Вместе с тем в стихотворении, столь явно связанном с Фетом, поражает
отсутствие живой непосредственности в смене природных состояний и
состояний души, отсутствие прихотливых перебоев одной из этих граней темы
другой, отсутствие реальной динамики как в жизни души, так и в жизни
природы. «Душа» и «природа» жестко, наглухо прикреплены друг к другу; с
механической, железной последовательностью происходит и «рост души», и
«смена времен». «Синтез» не столько возникает у нас на глазах, сколько задан.

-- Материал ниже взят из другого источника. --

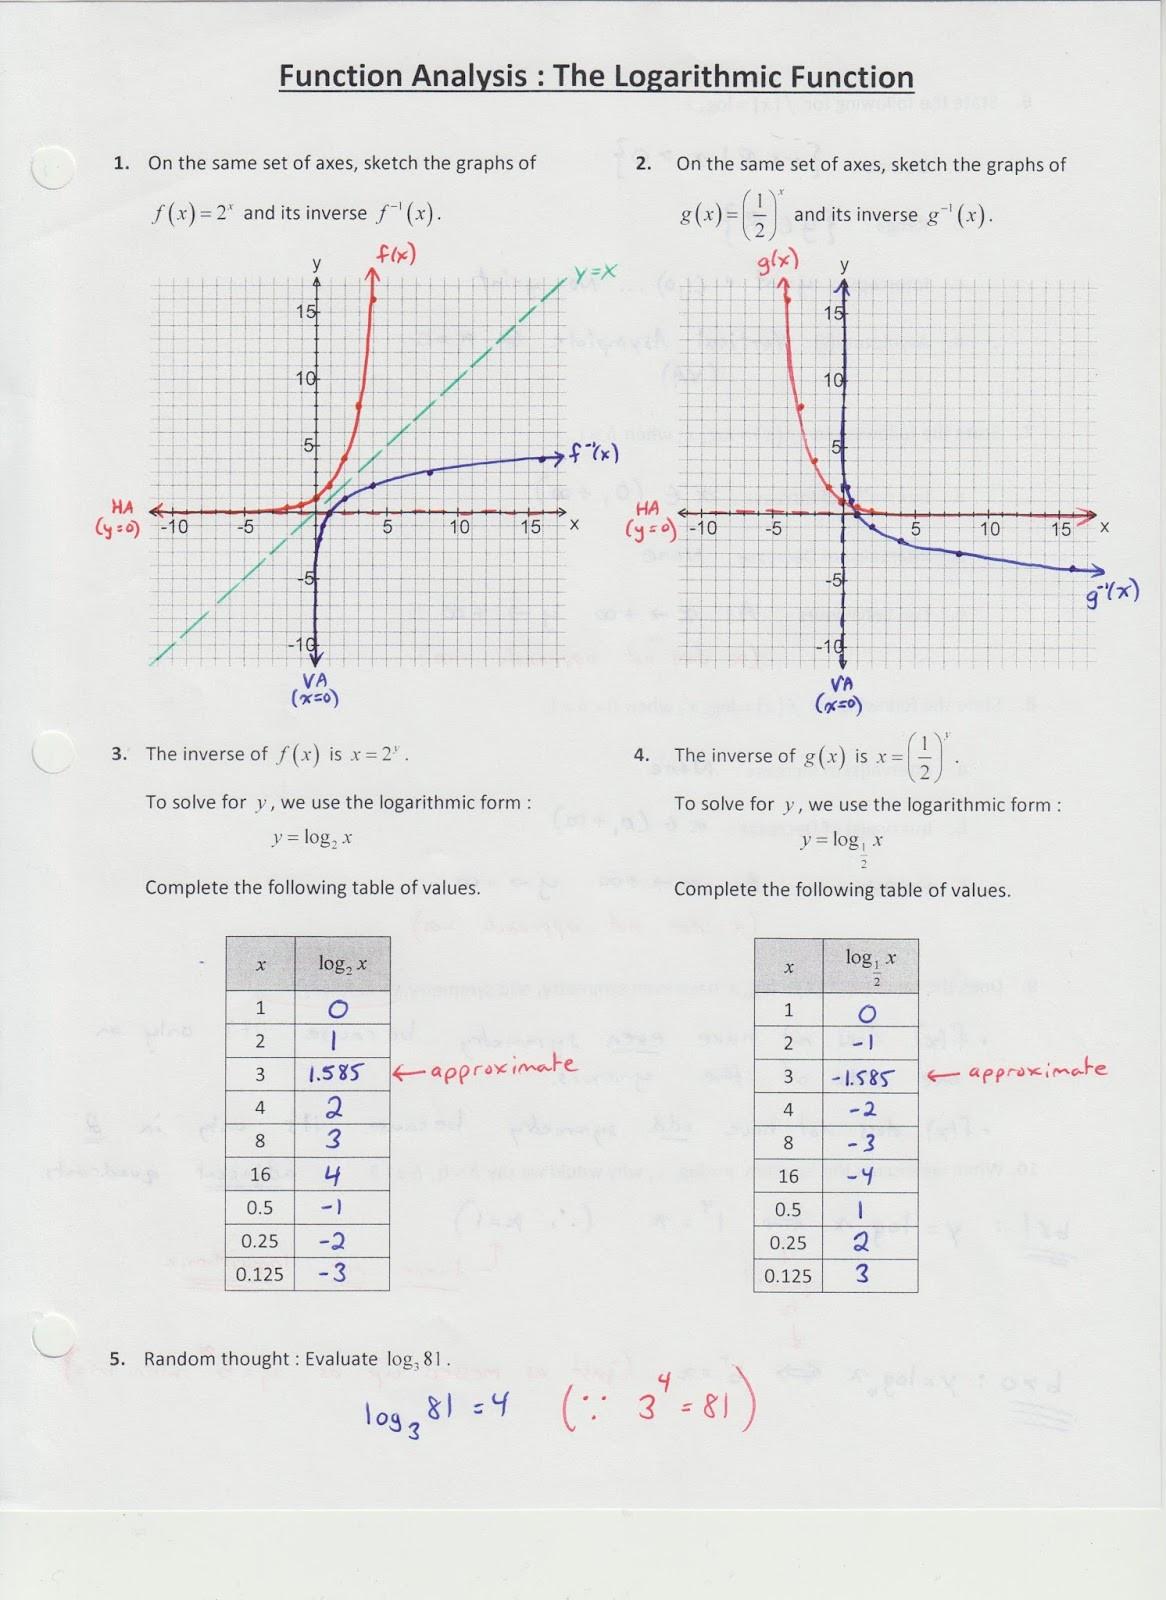 Graphing Exponential Functions Worksheet Answers Graph Exponential Function Worksheet

Потому-то и слабее других финальная строфа: это скорее «решение задачи» в
учебнике алгебры или даже арифметики, вынесенное с последних страниц, как
это обычно бывает в учебниках, к самой задаче, к первым двум строфам, чем
реальный лирический итог, выросший из движения стиха. Искусственный,
нереальный характер соловьевских философских построений с очень большой
силой проявляется в этой холодной, механической конструктивности
построения, сменяющей строго закономерные в своей виртуозности и
жизненной убедительности, при всех, даже чрезмерно острых, поворотах,
композиции Фета. В стихах Соловьева всегда ощутимо это противоречие:
большая лирическая сила отдельных строк, строф или даже всего словесного
состава стихотворения – и рядом с этим постоянное ощущение
искусственности, холодной рассудочности, механической конструктивности, то
тут, то там всегда дающих знать о себе читателю стихов Соловьева.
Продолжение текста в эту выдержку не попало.